Personally I find myself radically under-extended by the typical one-thing-at-a-time mentality. One at a time feels like accepted dogma, and pushback feels extreme & immediate if I as a dev attempt anything else. Businesses really want exact control & certain knowledge over how I spend every minute of developer time.
And I think it's such a waste, in my view. When I write code or make designs, usually the first couple cuts aren't great! They usually work, but how I lay out interfaces & how the code is structured tends to be pretty so so. Insight is garnered over time & experience.
Now, if work wants to pay me to spend 2/3rds my time just reflecting & pondering one thing at a time, I think that would work. But what makes sense to me is to have a couple things in flight, ideally staggered at slightly different phases of development, and to shift between them as the whims take me. Give myself time to decompress & reflect on one thing, by picking up another item that I've been pondering for a while.
It feels so unnatural & suboptimal, what we do to developers. The expectation of constant productivity in one task feels like such a recipe for bad code. I have no idea how so many people do it. It boggles my mind seeing folks able to stay to task, able to power through, without these pauses & times for reflection.
I wish so much there was some affordances, some option, something available for those of us who don't work well one task at a time. I want to be juggling more of the world at once, switching on and off tasks, having intervals & spacing between working specific areas of the code. I just don't see this perspective mirrored at all in the world, don't see anything at all that reflects what works for me, that reflects how hard it is for me to feel good about my work when I'm managed down, as though a machine that just has to turn a crank until it's done. My mind just is not that fast & direct, not that quick to settle and resolve the complexities of system; I need some dwell times built in. I don't know what would happen to velocity, but quality would be much higher & I'd be so much better able to flow, to latch onto tasks I was much more primed for. Please, someone, give the Hammock Driven Devs a chance.

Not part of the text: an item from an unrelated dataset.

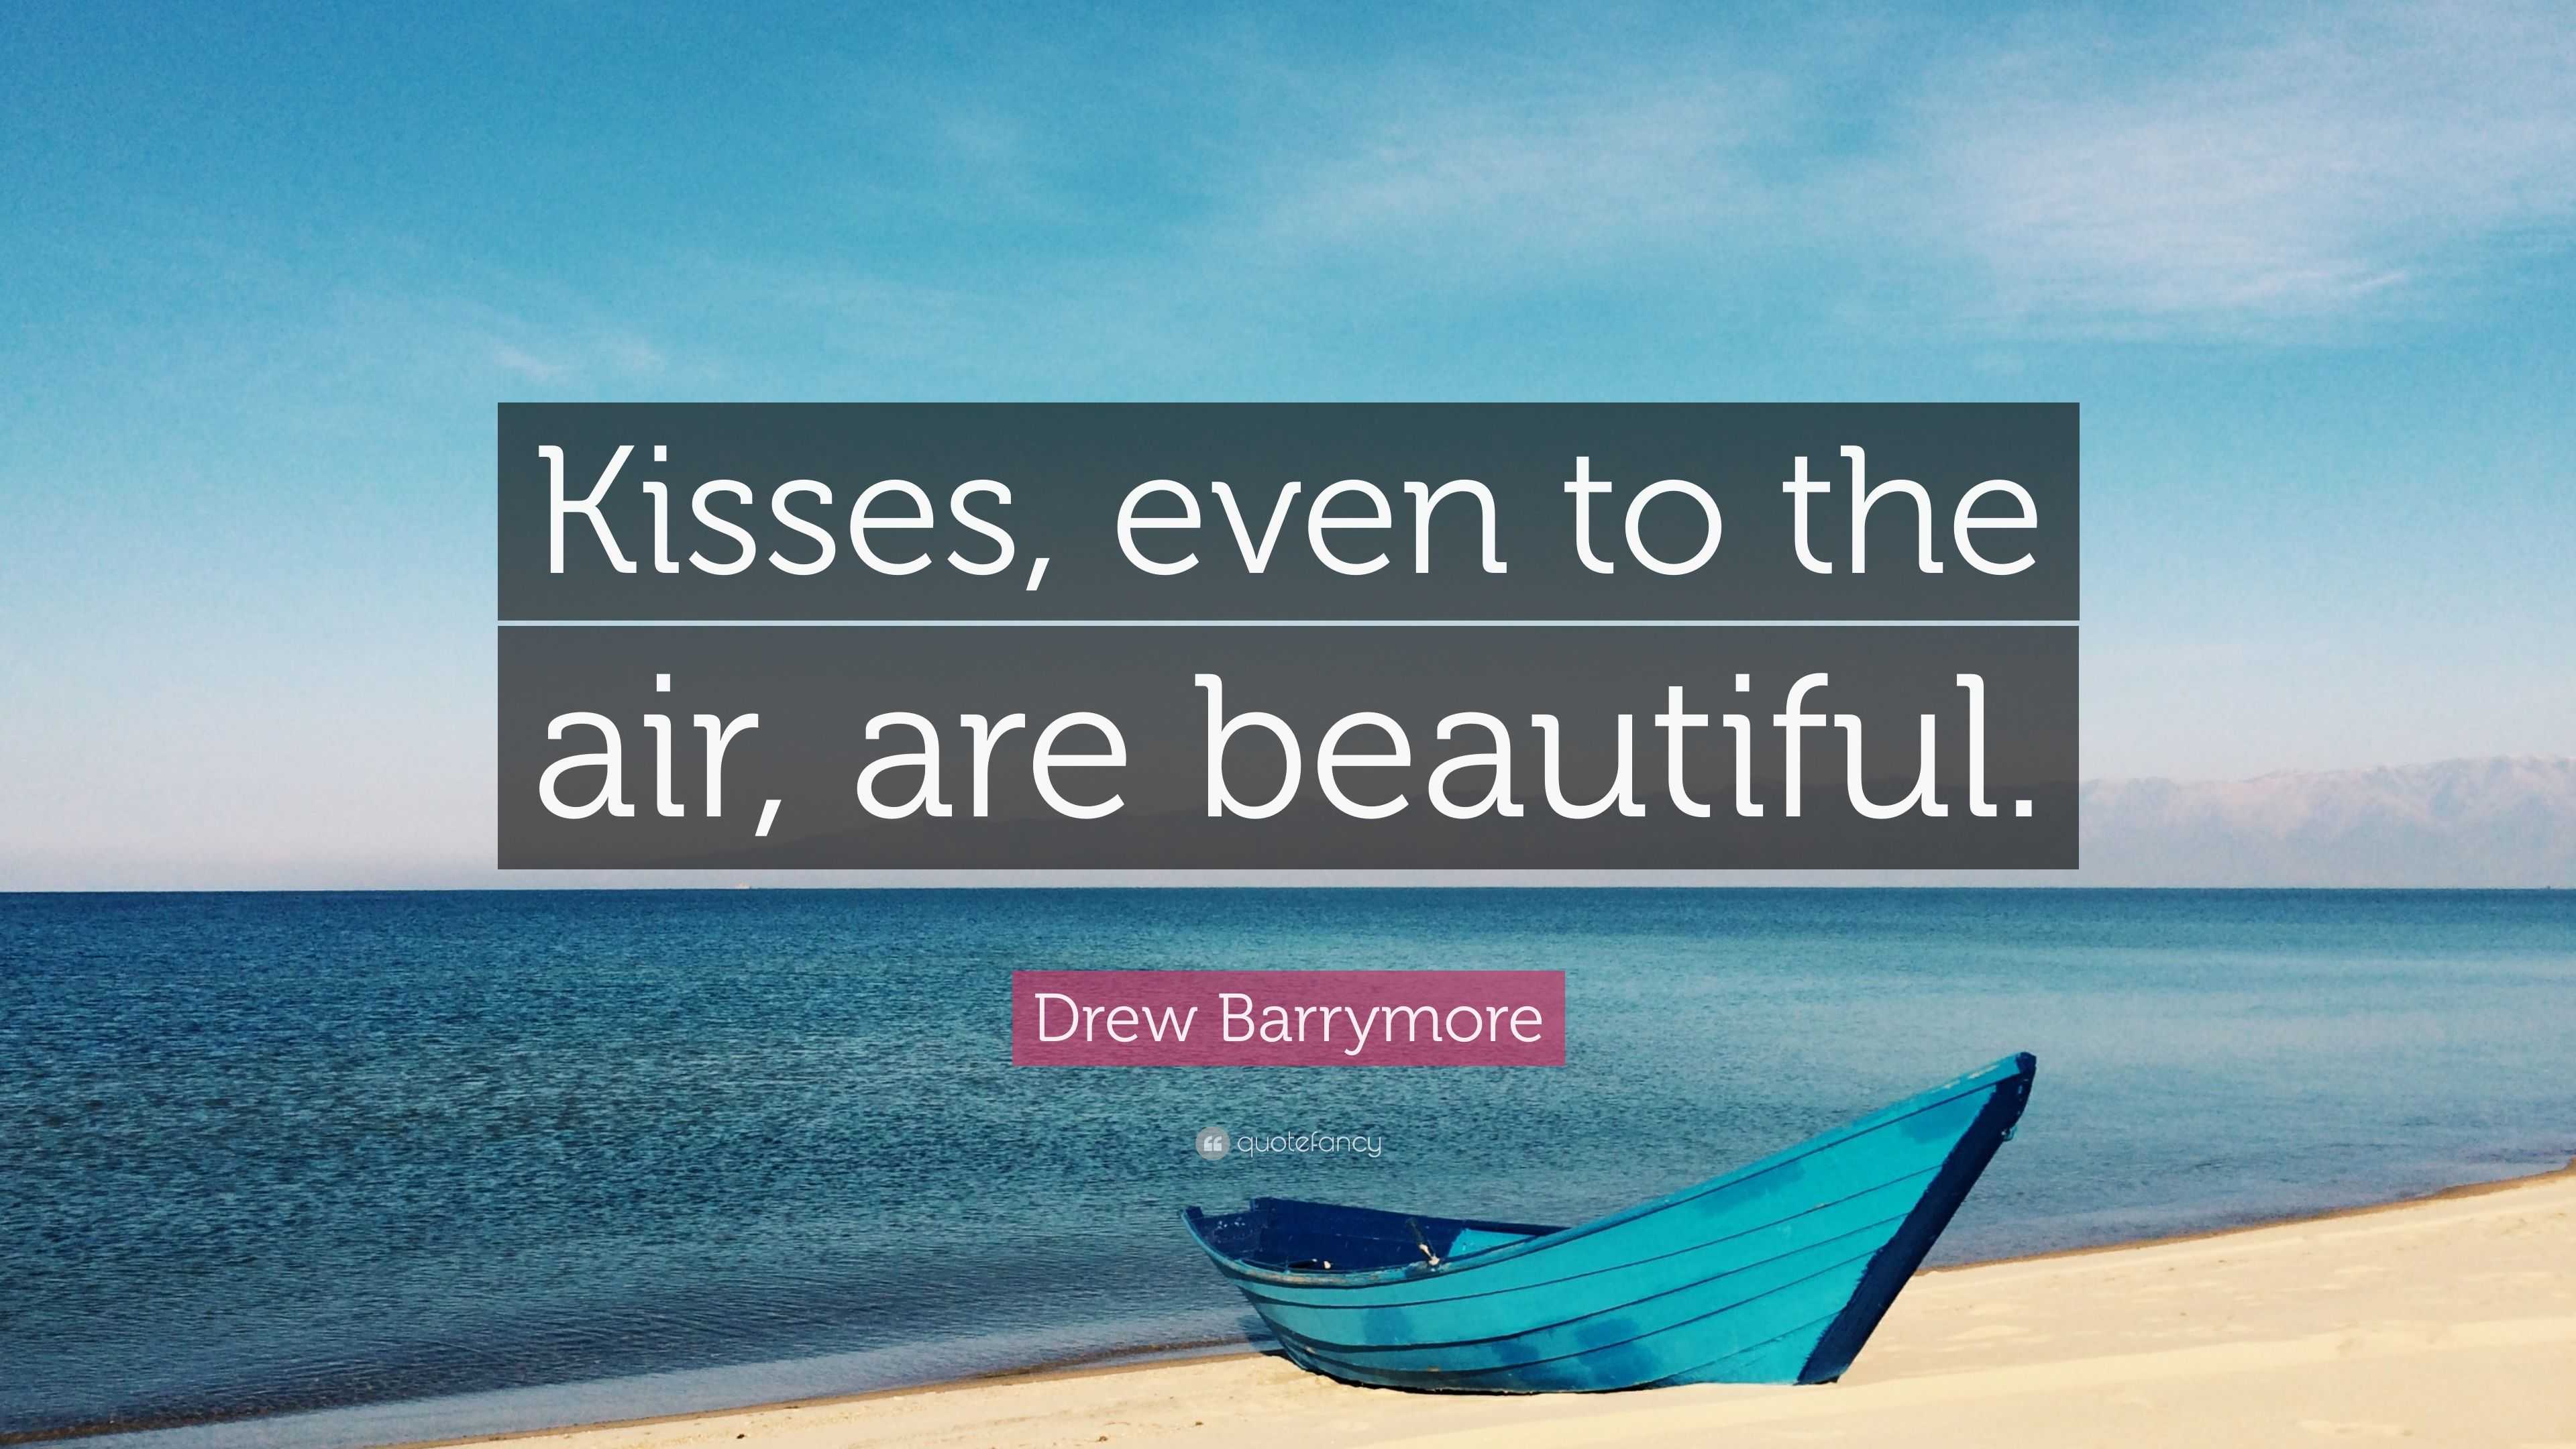 Drew Barrymore - Kisses, even to the air, are beautiful.

> But what makes sense to me is to have a couple things in flight, ideally staggered at slightly different phases of development, and to shift between them as the whims take me. Give myself time to decompress & reflect on one thing, by picking up another item that I've been pondering for a while.
This is exactly how it works best for me, as well. A few problems being tackled and solved in parallel, out-of-phase.
"adding manpower to a software project that is behind schedule delays it even longer"
we need more doctors and more cashiers
more doctors, and more cashiers will solve the queue issue at hospitals or at stores
problem is .. "mythical man month" .. adding more developers wont solve the problem
this article possibly misses the point, it doesnt suggest adding more devs whic is good i guess, it just suggest doing less work .. because you will do less anyways, so why do it while stressed, when you can do it while relaxed .. so you end up doing more or less the same, but with higher morale, all of this is good, but it doesnt solve the real problem .. "HOW TO DO MORE"
(you can of course decentralize your team, decouple your products, add more teams, etc.. but .. well)
I have led a team in a transition from an over-done scrum to minimal Kanban process and talked to many others who did the same, from small startups to AAA game companies, and they all loved it. I've never heard one dev say they thought it was more productive to have scrum. As far as I can see, Scrum makes middle managers, "scrum masters" and people who don't care how much work actually gets done happy. Kanban actually helps development go faster.
If anyone's interested, Microsoft press has a great light book on. The WIP limits are a key part.